Wednesday, July 8, 2009

Sexual Pleasure Begins in Your Brain

Your brain and nervous system control your sex glands and genitals, and this is why they also control your sexual desire, as well as orgasms. This is why, for example, visual images trigger sexual desire in both sexes.

Your brain stem also emits nerve impulses that control erectile function. These nerve impulses navigate through the erection center of your spinal column to the erectile tissue of your penis, where they trigger a chain reaction in the membranes of your vascular muscle cells. This sophisticated chain reaction is dependent on a messenger molecule called cyclic guanosine monophosphate, or cGMP.

However, this works in reverse as well; an erection softens as soon as another enzyme called phosphodiesterase starts to degrade the cGMP molecules.

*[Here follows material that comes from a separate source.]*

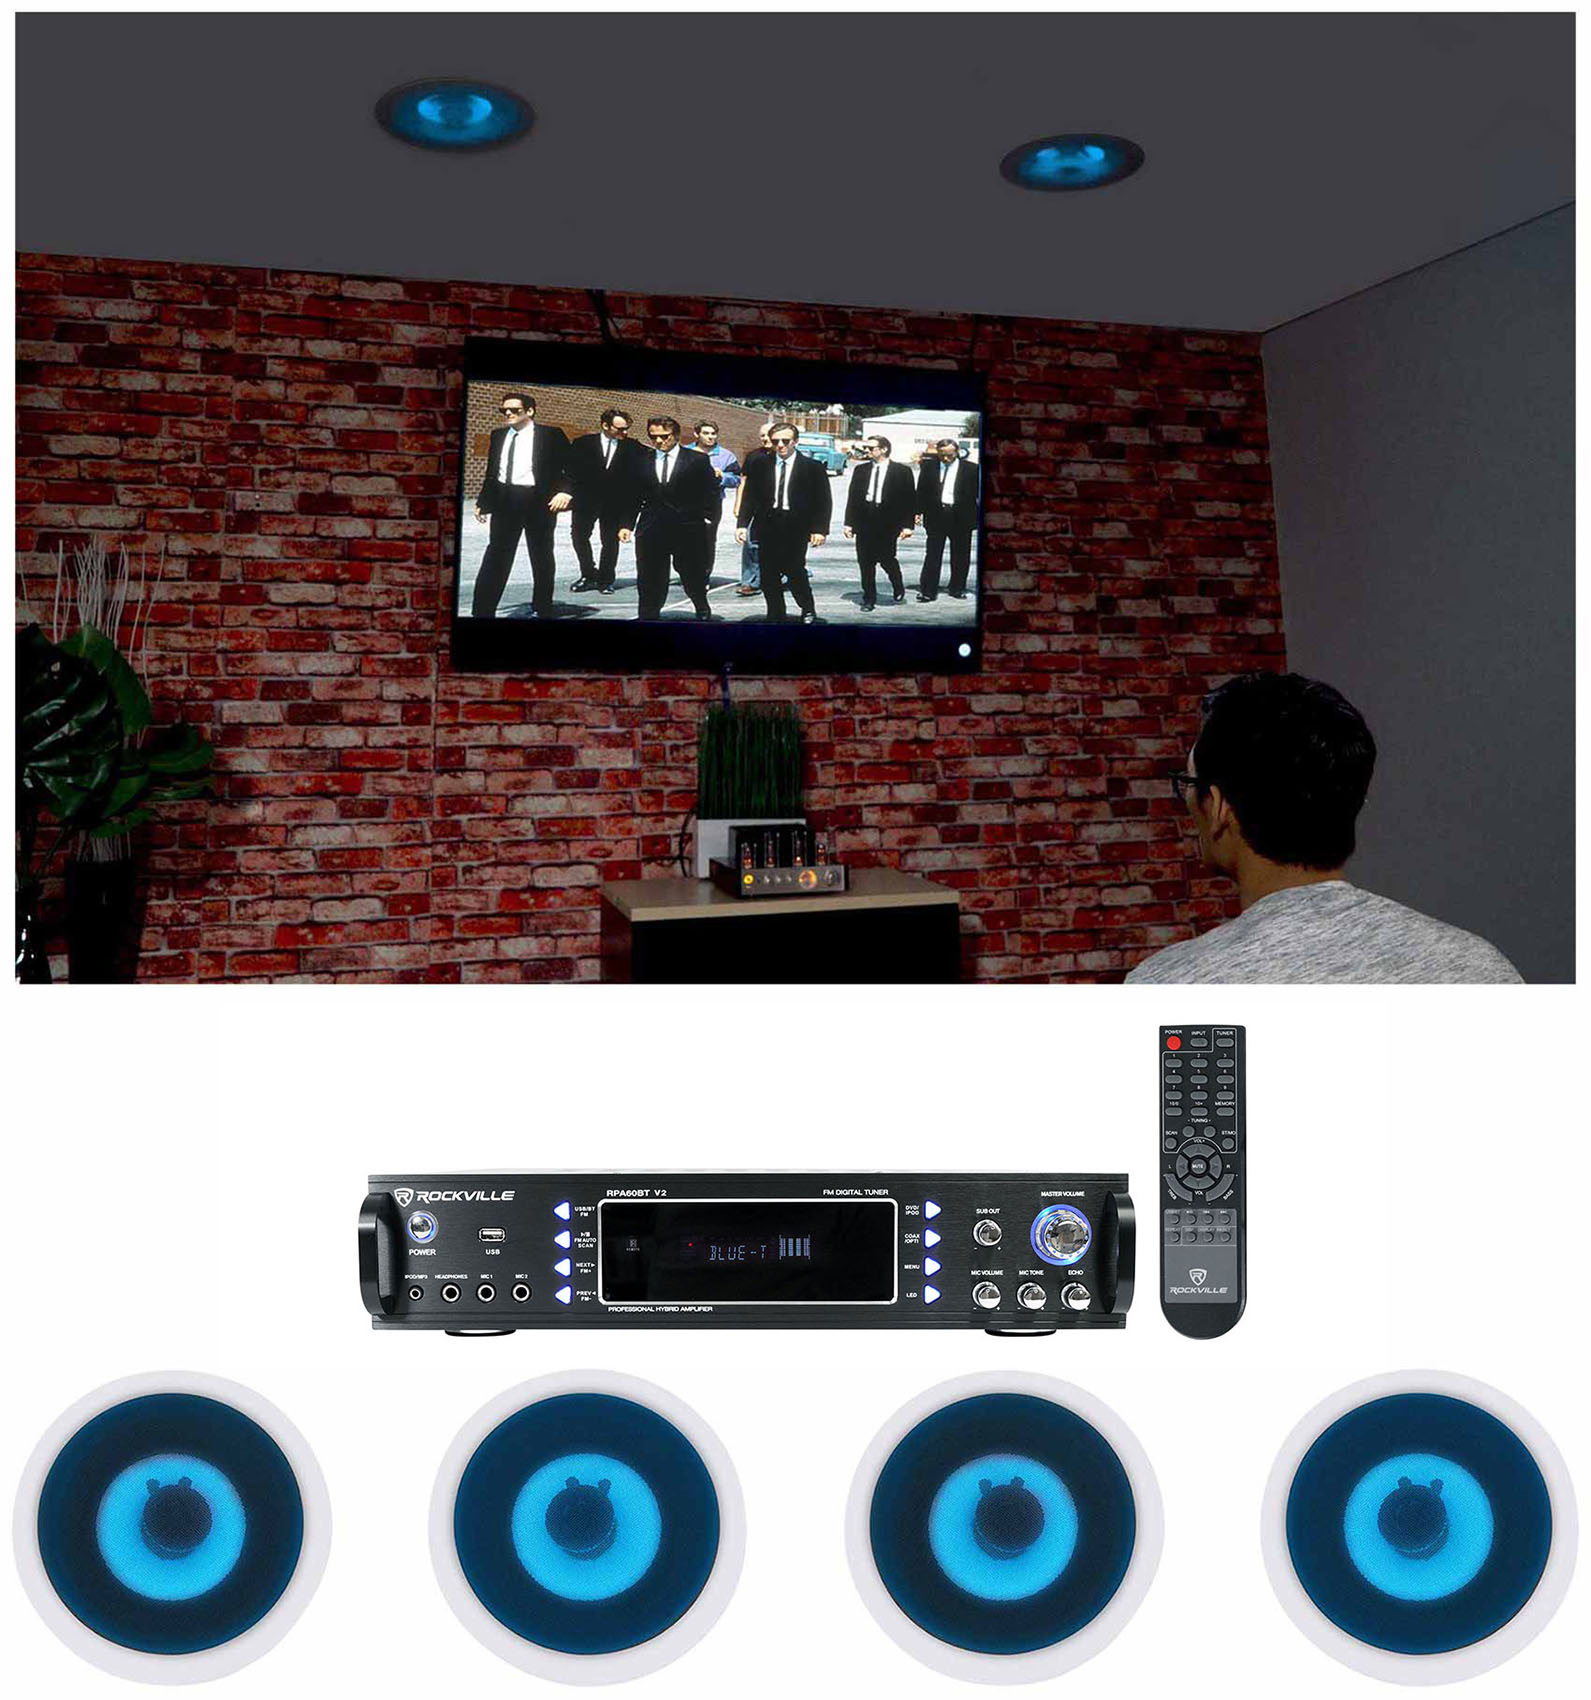 Rockville Home Theater Bluetooth Receiver+(4) In-Ceiling 8" Blue LED Speakers - image 1 of 12

Drugs like Viagra, Levitra and Cialis work by inhibiting phosphodiesterase, which may help maintain your erection. But, these pills will not create an erection in and of themselves. Your initial erection still has to be triggered psychologically. Without that initial impetus, potency pills will have no effect whatsoever.

This is also why these pills are ineffective for many men who take them hoping for a magic jack-in-the-box effect.

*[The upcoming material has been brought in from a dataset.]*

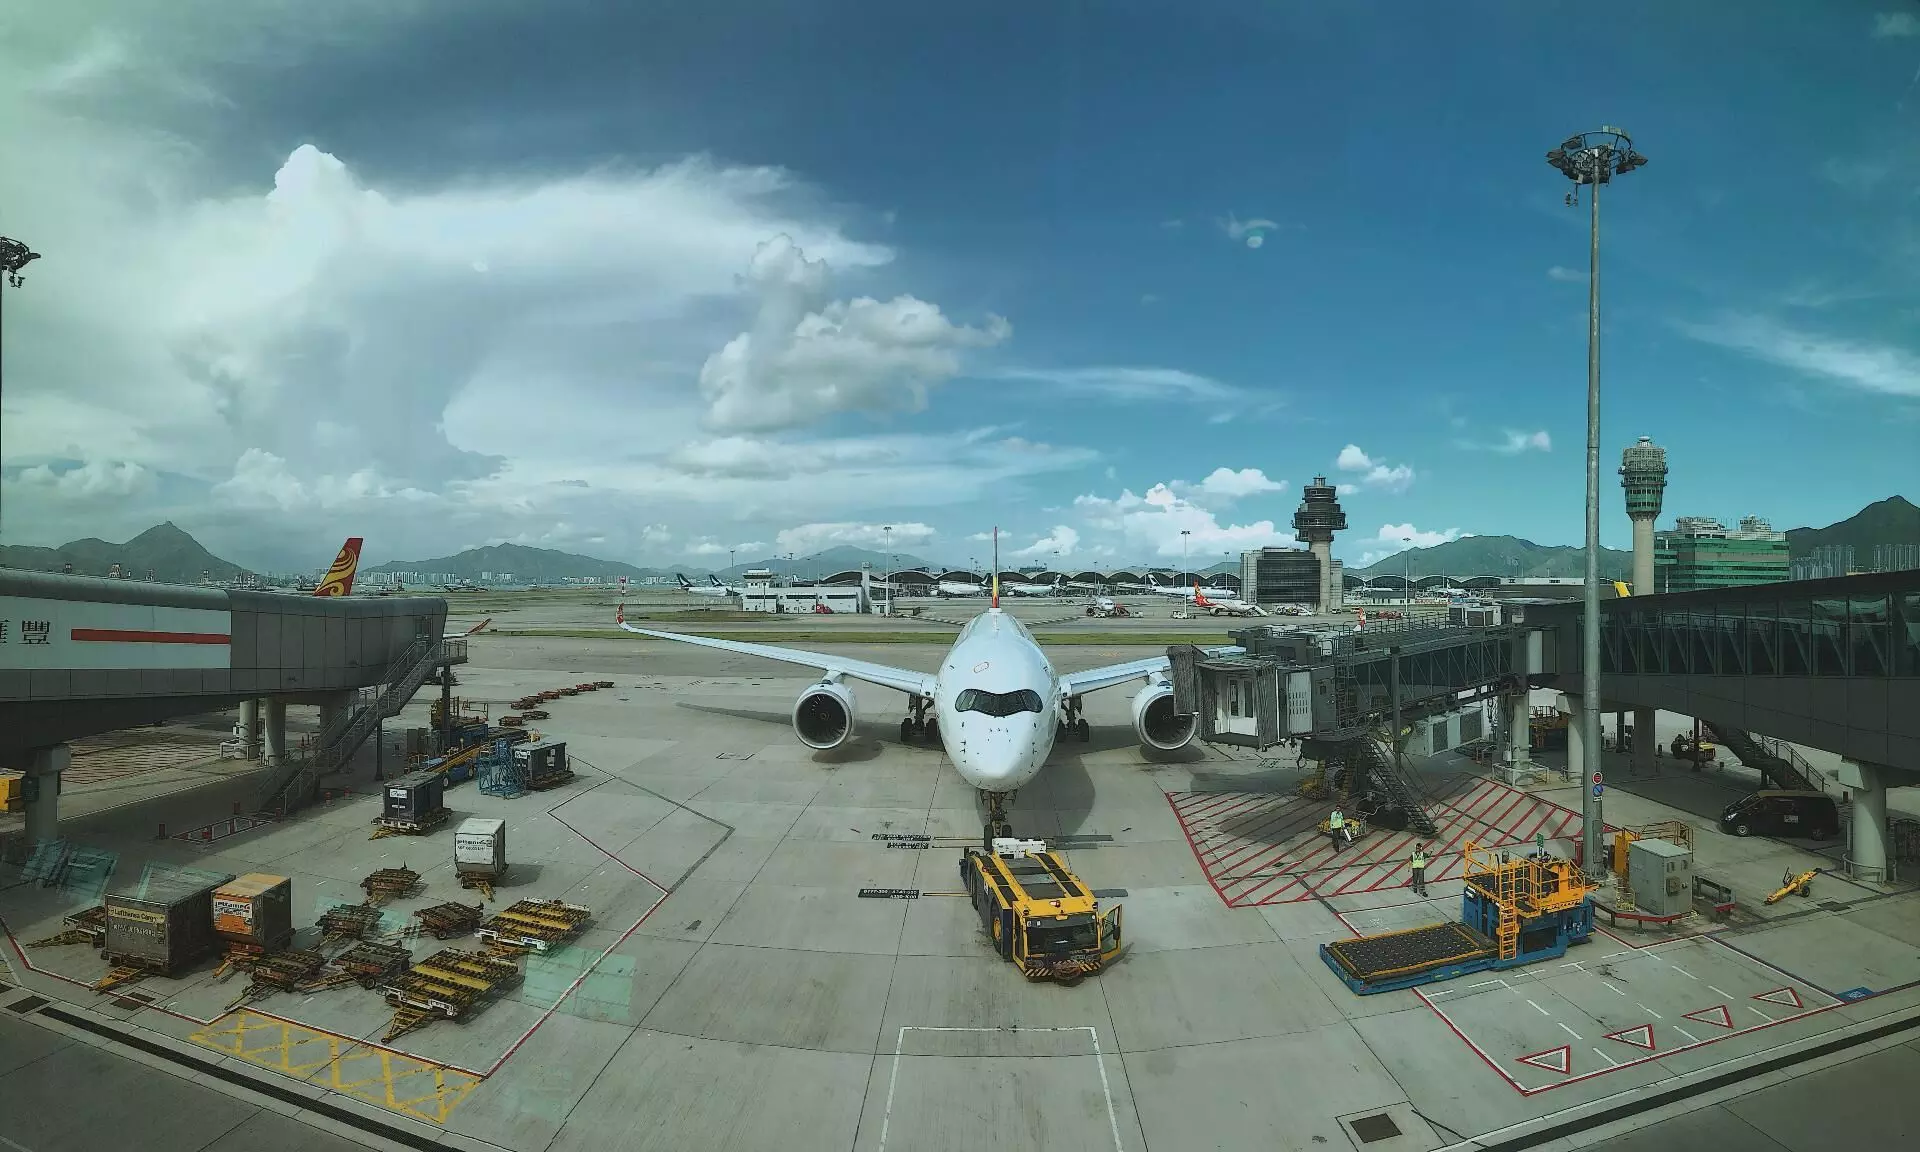 Hong Kong remains busiest cargo airport, CVG records highest increase

As you might suspect, because your sexuality is so intimately tied to your mind, anxiety, defensiveness, fear, and failure of communication are all destructive psychological forces that can take a heavy toll on your libido, whether you’re a man or a woman, by acting as road blocks to desire.

According to Professor Gert Holstege with the University of Groningen in the Nederlands, “Fear and anxiety need to be avoided at all costs if a woman wishes to have an orgasm.”